Work request: Each line from the one containing "Red Wing Irish Setter work boots" through the last line of the data below should be printed exactly, please, with any pictures omitted.

━━ Data extract ━━

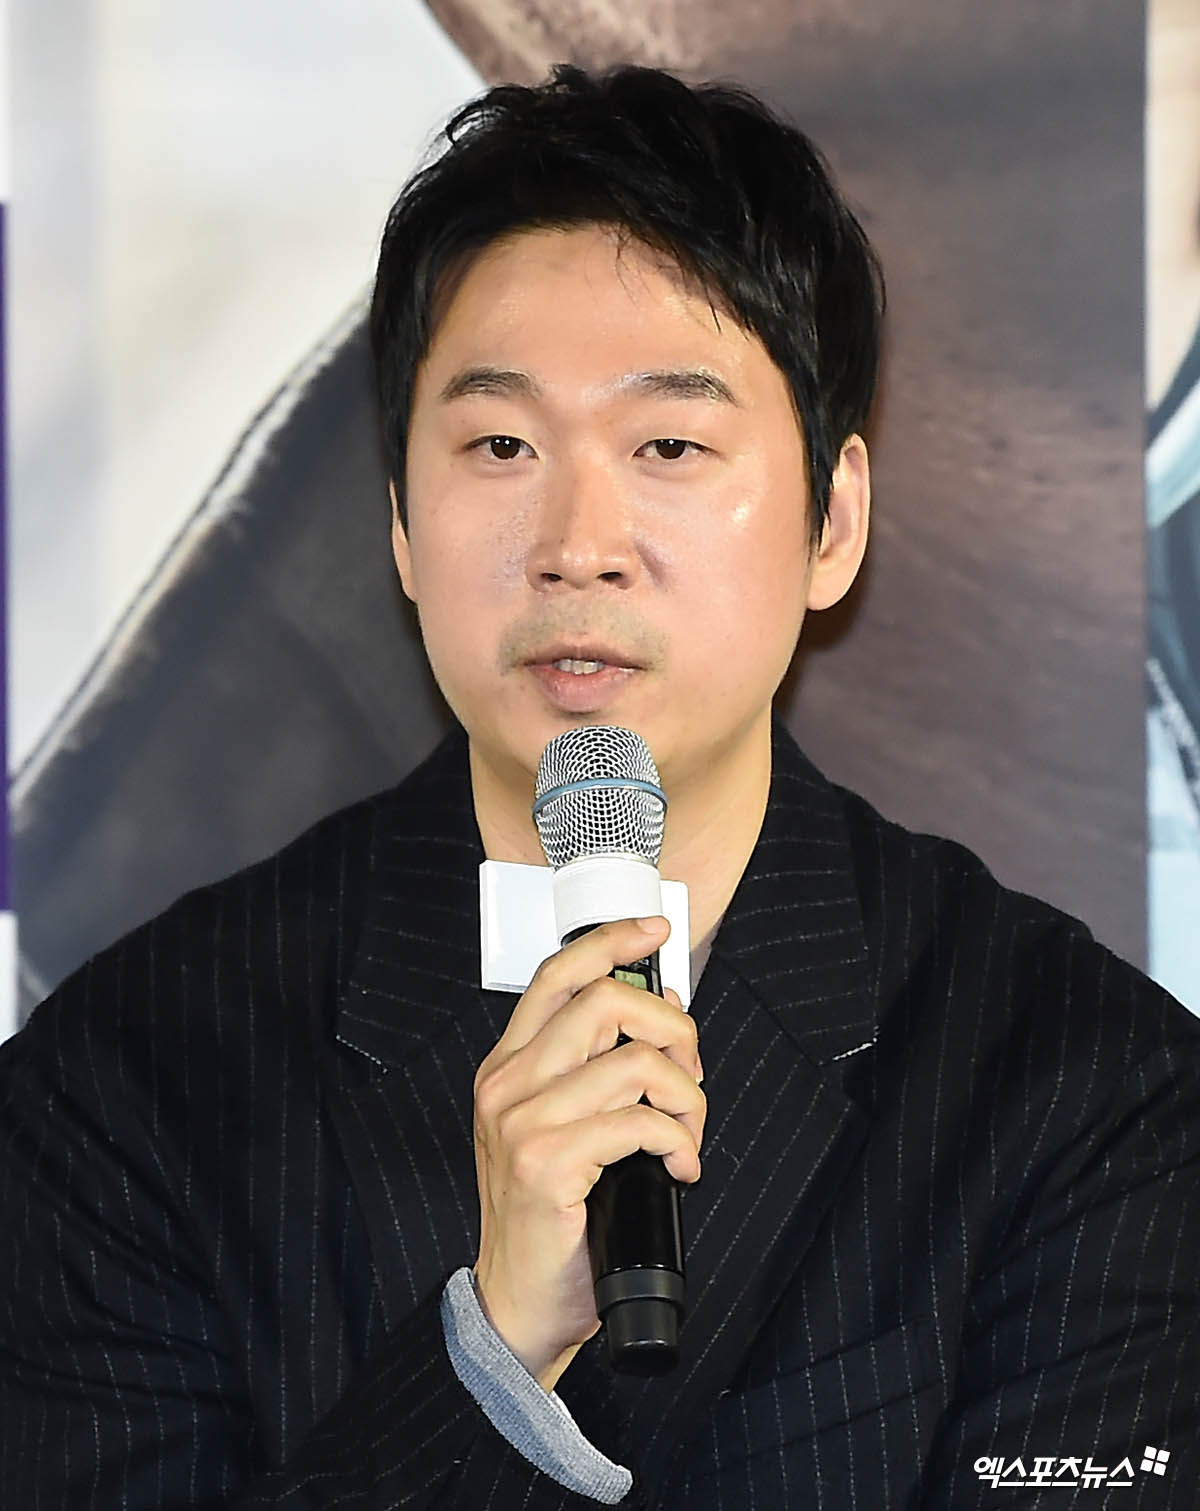 Actors, such as Jeon Do-yeon, Jung Woo-sung, and Youn Yuh-jung, have united as brutes who want to catch straws.On the 13th, a production report of the movie The Animals Who Want to Hold the Jeep (director Kim Yong-hoon) was held at Megabox Seongsu in Seongdong-gu, Seoul.Actor Jeon Do-yeon, Jung Woo-sung, Youn Yuh-jung, Shin Hyun-bin, Jeongaram and Kim Yong-hoon attended the ceremony.The brutes who want to catch straw is a crime scene of ordinary humans planning the worst of the worst to take the last chance of life, the money bag.Based on the novel by Japan writer Sone Keisukes Dongmyeong.Jeon Do-yeon played the role of Yeon-hee, who is trying to erase the past and live a new life, and Tae-young, who dreams of a bad dream because of his lover who has disappeared.Bae Sung-woo is a part-time worker who continues his familys livelihood, and Youn Yuh-jung is divided into the lost memories.On that day, Youn Yuh-jung said, I hate (personally) blood-inducing movies, but this movie was a little different (in the cast) and Jeon Do-yeon called and asked me to join him.So I thought it was a very important and big role, but it doesnt come out much (in the movie), he quipped.Jeon Do-yeon said: The script was fun, it could be an obvious crime genre, but the dramatic composition was fresh; the appearance of several characters was also new.And I contacted Mr. Youn Yuh-jung because I felt that it was a reversal and a mystery. It was a role that I could not do unless I was a teacher. Jung Woo-sung said, When I look at the scenario, I participated in the film, which shows how much I can be destitute in front of the material and how I feel.Above all, I could be with Mr. Jeon Do-yeon, so I chose (the film).Many people said I might have worked with Jeon Do-yeon, but I never did. I wondered why I couldnt.It was a short but fun task, he said.Kim Yong-hoon said, I think it is a great honor and a dream to be able to work with Legend Actors to a new director.It was like playing the All-Star game from the first Kyonggi when I played baseball, and I was burdened with it, and I was under pressure to put pressure on their reputation.However, Actors filled me with my shortage and empty parts. It was a series of surprises every time I worked together. Shin Hyun-bin has transformed into a housewife Miran, whose family has collapsed and has fallen into a swamp of misfortune due to a moment of failure to invest in stocks, and Jungaram has taken on the role of illegal immigrant Jin Tae,Shin Hyun-bin said, I was worried because I had to convey the feelings I felt when I saw the scenario. Miran is a person who plans but does not go to his will.I was acting as a character who lives instinctively every day, concentrating on the moment, and I thought that I would like to look different from the existing one. I thought the friend of Jin-tae was very pure, said Jeong Ga-ram, who challenged the transformation of the past class from weight loss to hair bleaching and dialect acting.Rather than looking at the distant future, he was faithful to the feelings I felt right away and did what he wanted to leave the fence of the law.I did my best to feel the moment rather than the external one. The beasts who want to catch straws is based on the novel of Dongmyeong by Japanese writer Sonne Keisuke.Director Kim Yong-hoon said, The original novel has a unique structure, and the structure can only be allowed in the novel, so how to change it cinematically was the key.I needed to rebuild the skeleton. I wanted to be a normal character in character.In the original work, Taeyoung (Jung Woo-sung) has a criminal job, and in the movie, he changed to a customs officer to make a more ordinary and common sense.The ending of the novel and the ending of the movie have changed. Finally, director Kim Yong-hoon said, The animals that want to catch straws are like running if they are exercised. It is not a movie that one person drags, but each character develops like a barton touch.I would like to see more fun if you watch the 400m relay Kyonggi. In addition, Actors with solid acting skills such as Jung Man-sik, Yoon Jae-moon, Jin Kyung, Park Ji-hwan, Kim Jun-han, Huh Dong-won and Bae Jin-woong are together to raise expectations.The animals that want to catch straw are scheduled to open on February 12th.
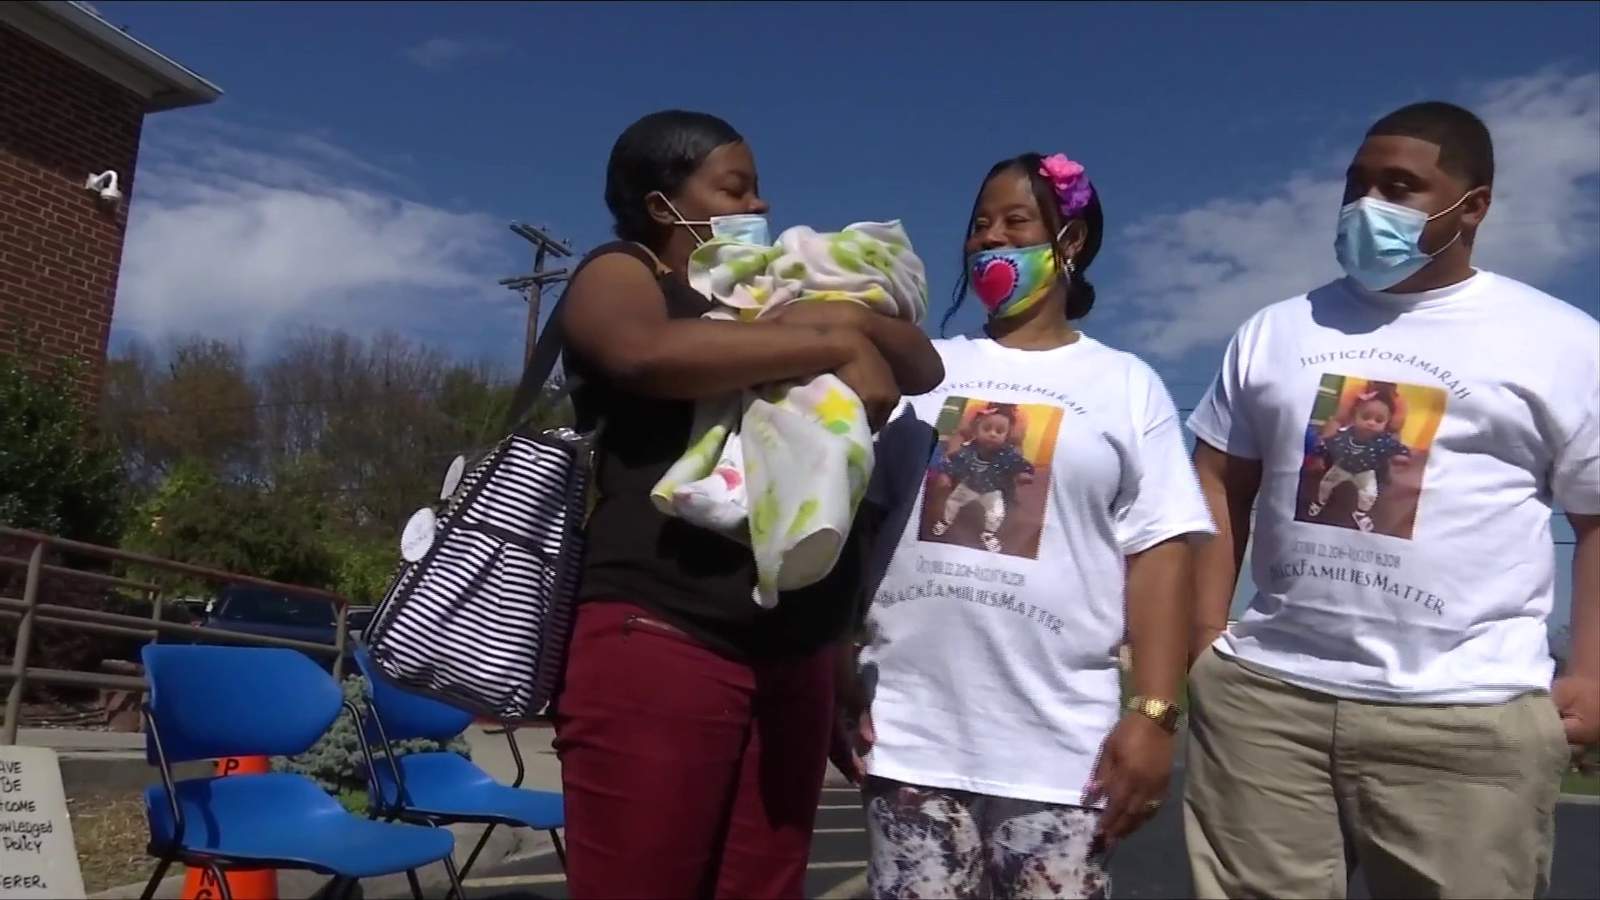 Family who lost infant to child abuse gives diaper bags to low-income parents in Roanoke
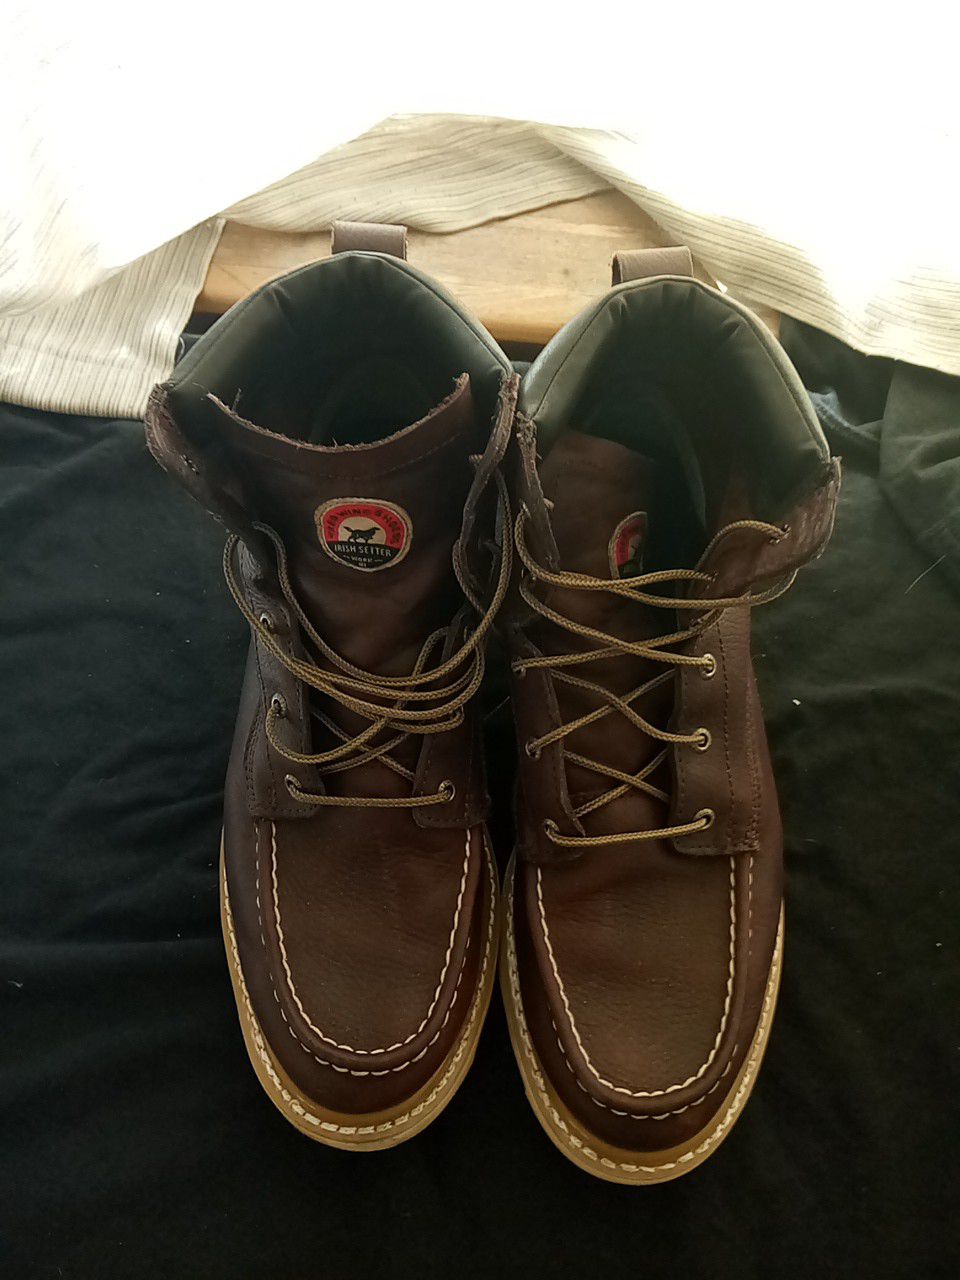 Red Wing Irish Setter work boots
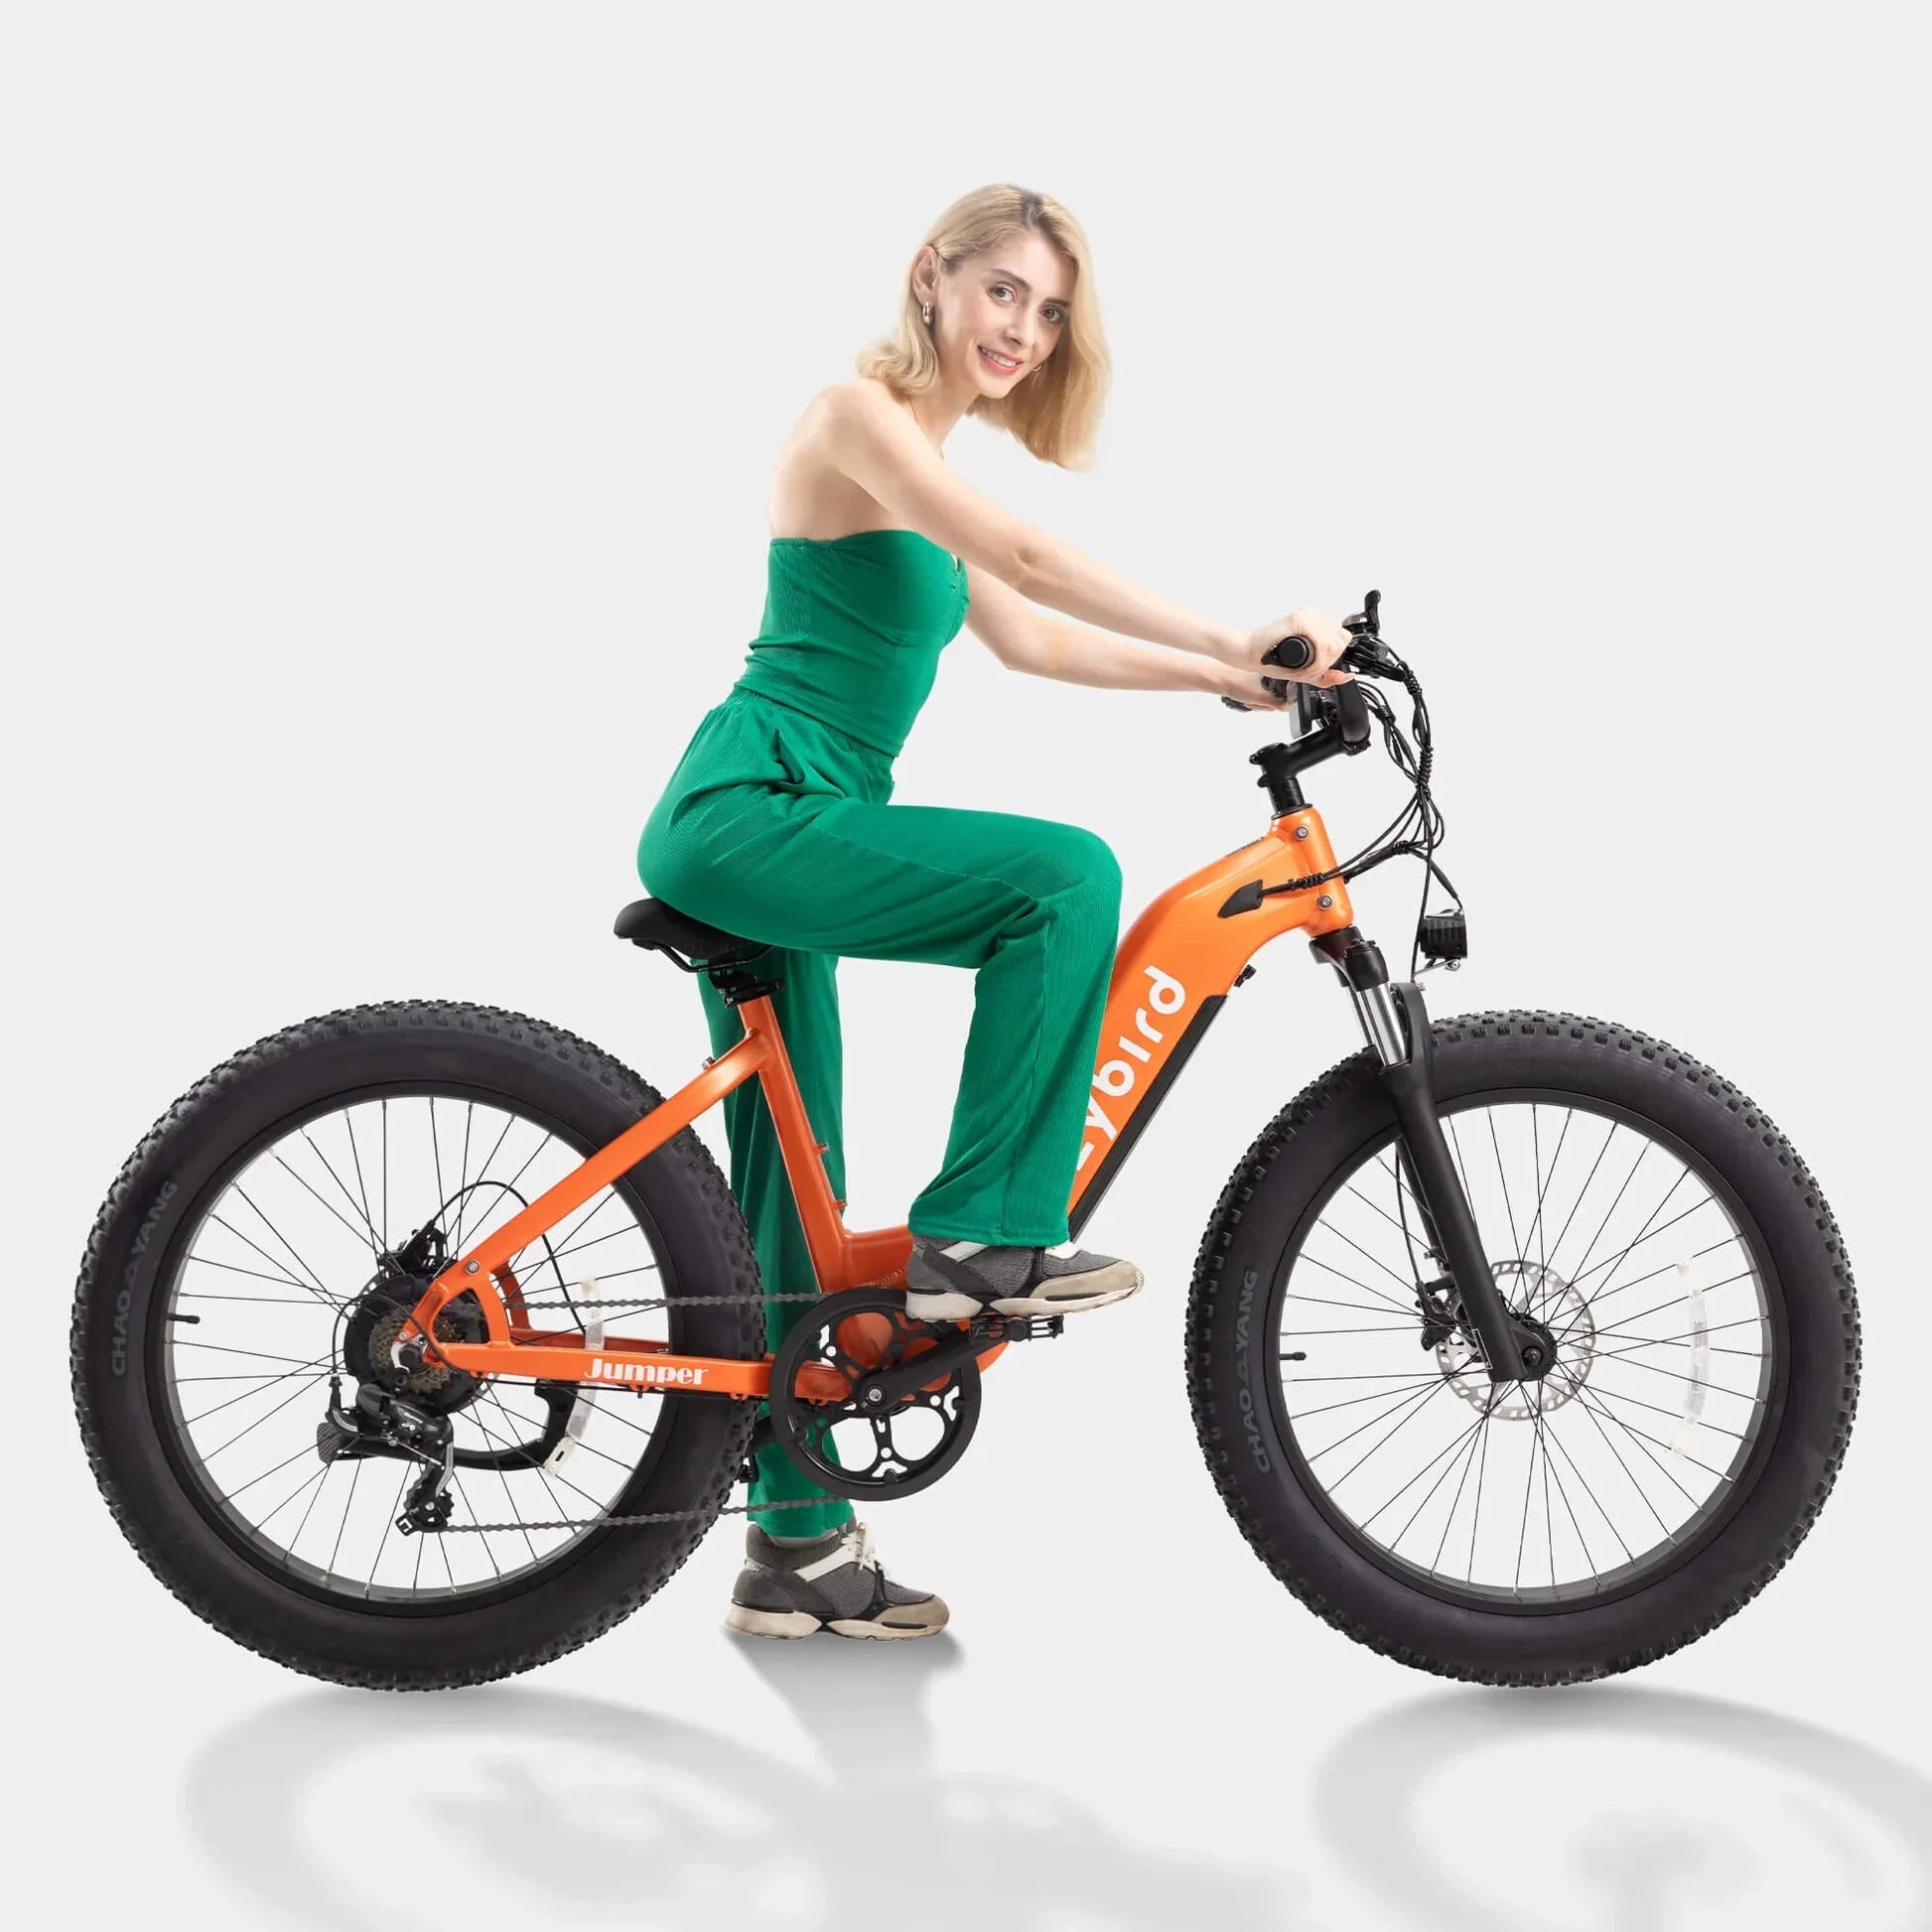 Crazybird Jumper E-Bike - Pogo cycles UK -cycle to work scheme available

━━━

Worked solution:
 Red Wing Irish Setter work boots
 Crazybird Jumper E-Bike - Pogo cycles UK -cycle to work scheme available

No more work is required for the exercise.